= Citation analysis =

Examination of the frequency, patterns, and graphs of citations in documents

Citation analysis is the examination of the frequency, patterns, and graphs of citations in documents. It uses the directed graph of citations – links from one document to another document – to reveal properties of the documents. A typical aim would be to identify the most important documents in a collection. A classic example is that of the citations between academic articles and books. For another example, judges of law support their judgements by referring back to judgements made in earlier cases (see citation analysis in a legal context). An additional example is provided by patents which contain prior art, citation of earlier patents relevant to the current claim.

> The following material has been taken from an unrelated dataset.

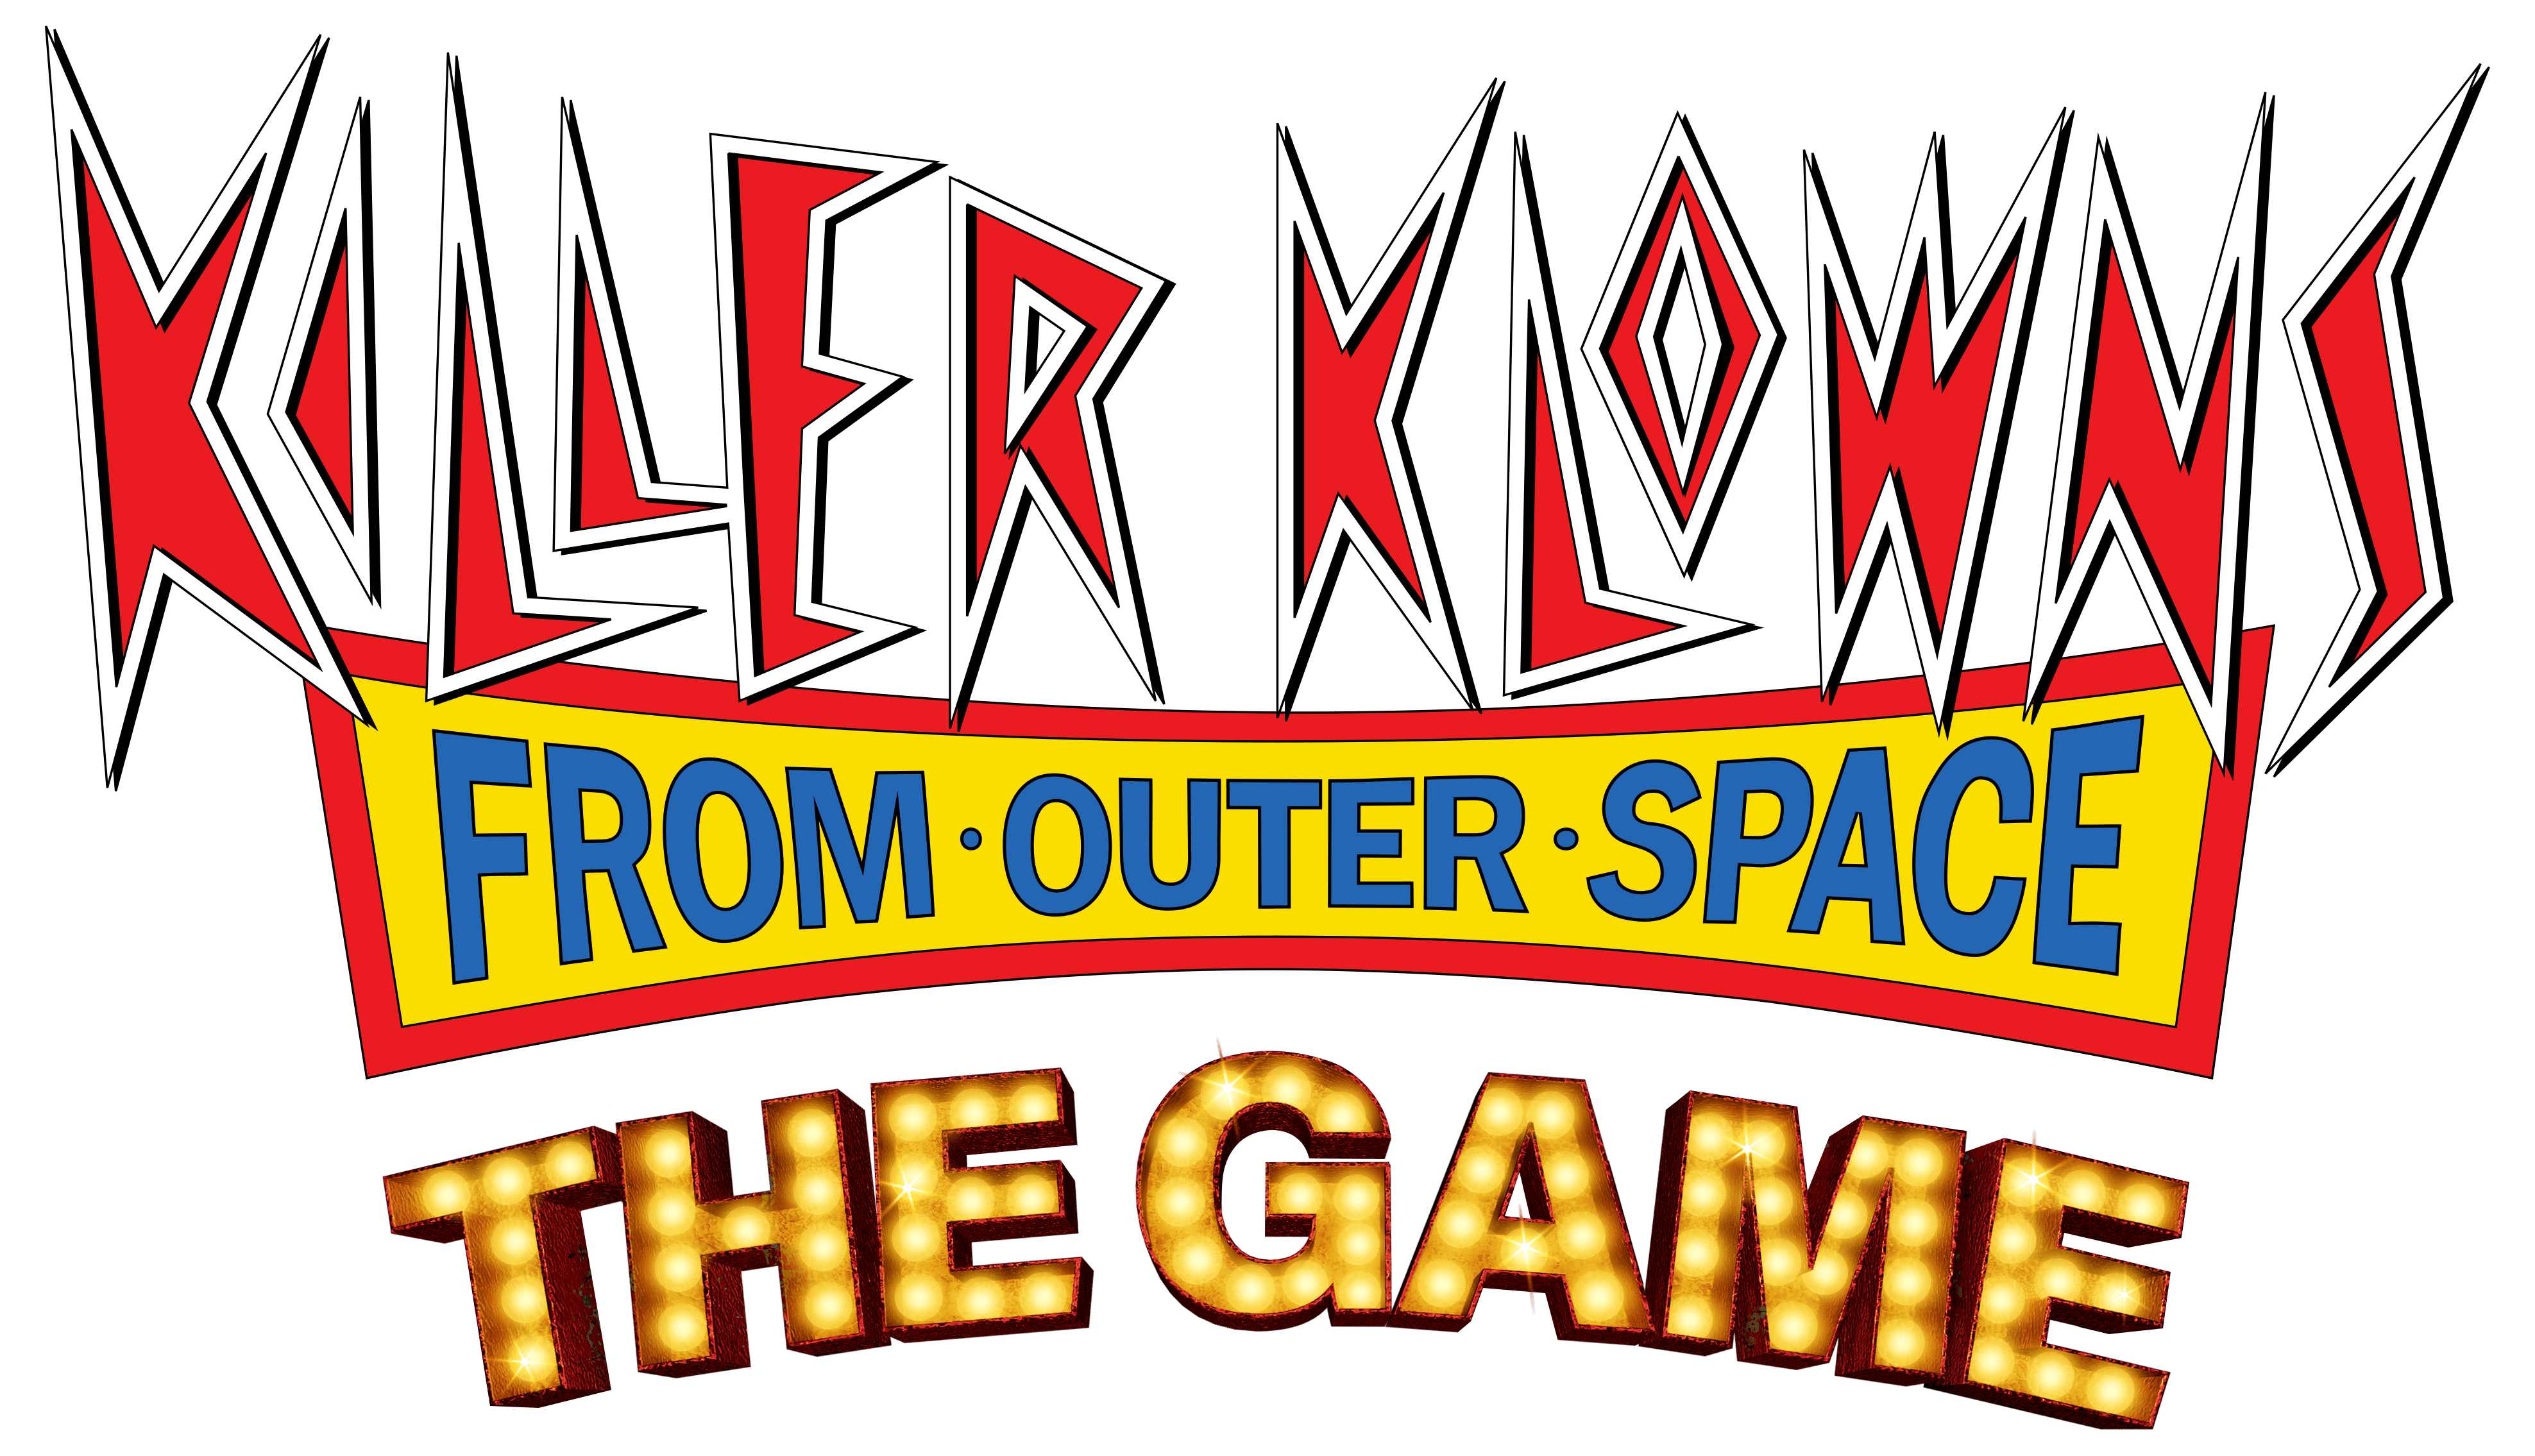 Killer from outer space. Killer Klowns from Outer Space the game. Killer Klowns from Outer Space. Killer Klowns from Outer игра. Killer Klowns from Outer Space Comics.

The digitization of patent data and increasing computing power have led to a community of practice that uses these citation data to measure innovation attributes, trace knowledge flows, and map innovation networks.

Documents can be associated with many other features in addition to citations, such as authors, publishers, journals as well as their actual texts. The general analysis of collections of documents is known as bibliometrics and citation analysis is a key part of that field. For example, bibliographic coupling and co-citation are association measures based on citation analysis (shared citations or shared references). The citations in a collection of documents can also be represented in forms such as a citation graph, as pointed out by Derek J. de Solla Price in his 1965 article "Networks of Scientific Papers". This means that citation analysis draws on aspects of social network analysis and network science.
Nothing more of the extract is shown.